The racist nature of Adolf Hitler's regime was disguised briefly during the Olympic Games in Berlin in August 1936, when Hitler allowed 18 African American athletes to compete for the U.S. team. However, permission to compete was granted by the International Olympic Committee and not by the host country.


Adult African Germans were also victims. Both before and after World War I, many Africans came to Germany as students, artisans, entertainers, former soldiers, or low-level colonial officials, such as tax collectors, who had worked for the imperial colonial government. Hilarius (Lari) Gilges, a dancer by profession, was murdered by the SS in 1933, probably because he was black. Gilges' German wife later received restitution from a postwar German government for his murder by the Nazis.

Some African Americans, caught in German-occupied Europe during World War II, also became victims of the Nazi regime. Many, like female jazz artist Valaida Snow, were imprisoned in Axis internment camps for alien nationals. The artist Josef Nassy, living in Belgium, was arrested as an enemy alien and held for seven months in the Beverloo transit camp in German-occupied Belgium. He was later transferred to Germany, where he spent the rest of the war in the Laufen internment camp and its subcamp, Tittmoning, both in Upper Bavaria.

European and American blacks were also interned in the Nazi concentration camp system. Lionel Romney, a sailor in the U.S. Merchant Marine, was imprisoned in the Mauthausen concentration camp. Jean Marcel Nicolas, a Haitian national, was incarcerated in the Buchenwald and Dora-Mittelbau concentration camps in Germany. Jean Voste, an African Belgian, was incarcerated in the Dachau concentration camp.
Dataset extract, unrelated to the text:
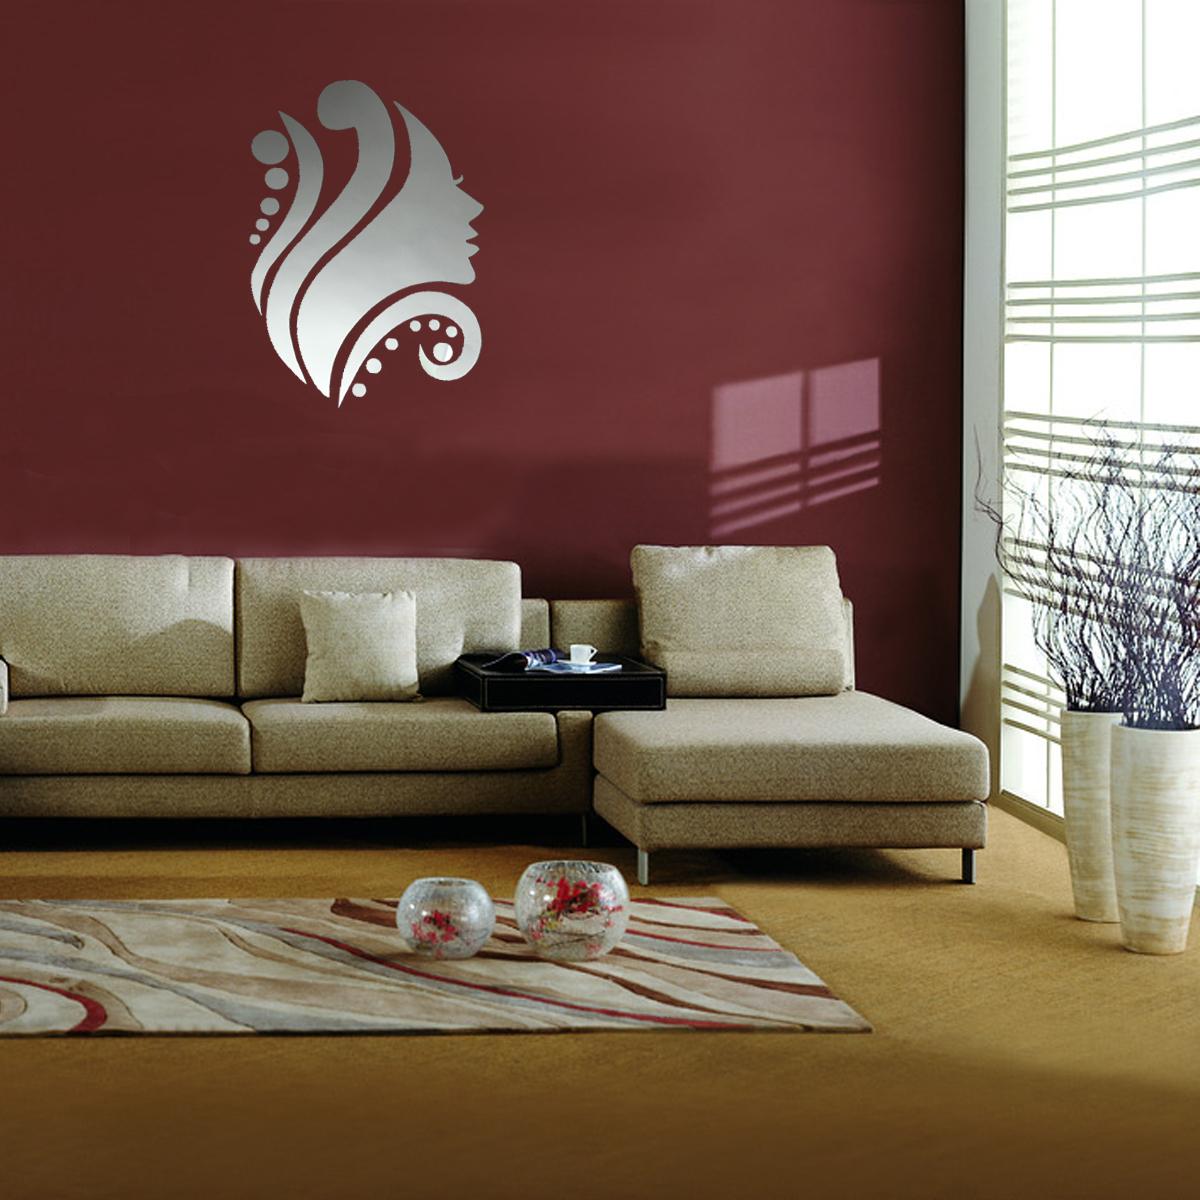 wall stickers decor modern shenra com modern 3d mirror acrylic home room office diy decor art wall

Bayume Mohamed Hussein from Tanganyika (today Tanzania) died in the Sachsenhausen camp, near Berlin.

Black prisoners of war faced illegal incarceration and mistreatment at the hands of the Nazis, who did not uphold the regulations imposed by the Geneva Convention (international agreement on the conduct of war and the treatment of wounded and captured soldiers). Lieutenant Darwin Nichols, an African American pilot, was incarcerated in a Gestapo prison in Butzbach. Black soldiers of the American, French, and British armies were worked to death on construction projects or died as a result of mistreatment in concentration or prisoner-of-war camps. Others were never even incarcerated, but were instead immediately killed by the SS or Gestapo.

Some African American members of the U.S. Armed forces were liberators and witnesses to Nazi atrocities. The 761st Tank Battalion (an all-African American tank unit), attached to the 71st Infantry Division, U.S. Third Army, under the command of General George Patton, participated in the liberation of Gunskirchen, a subcamp of the Mauthausen concentration camp, in May 1945.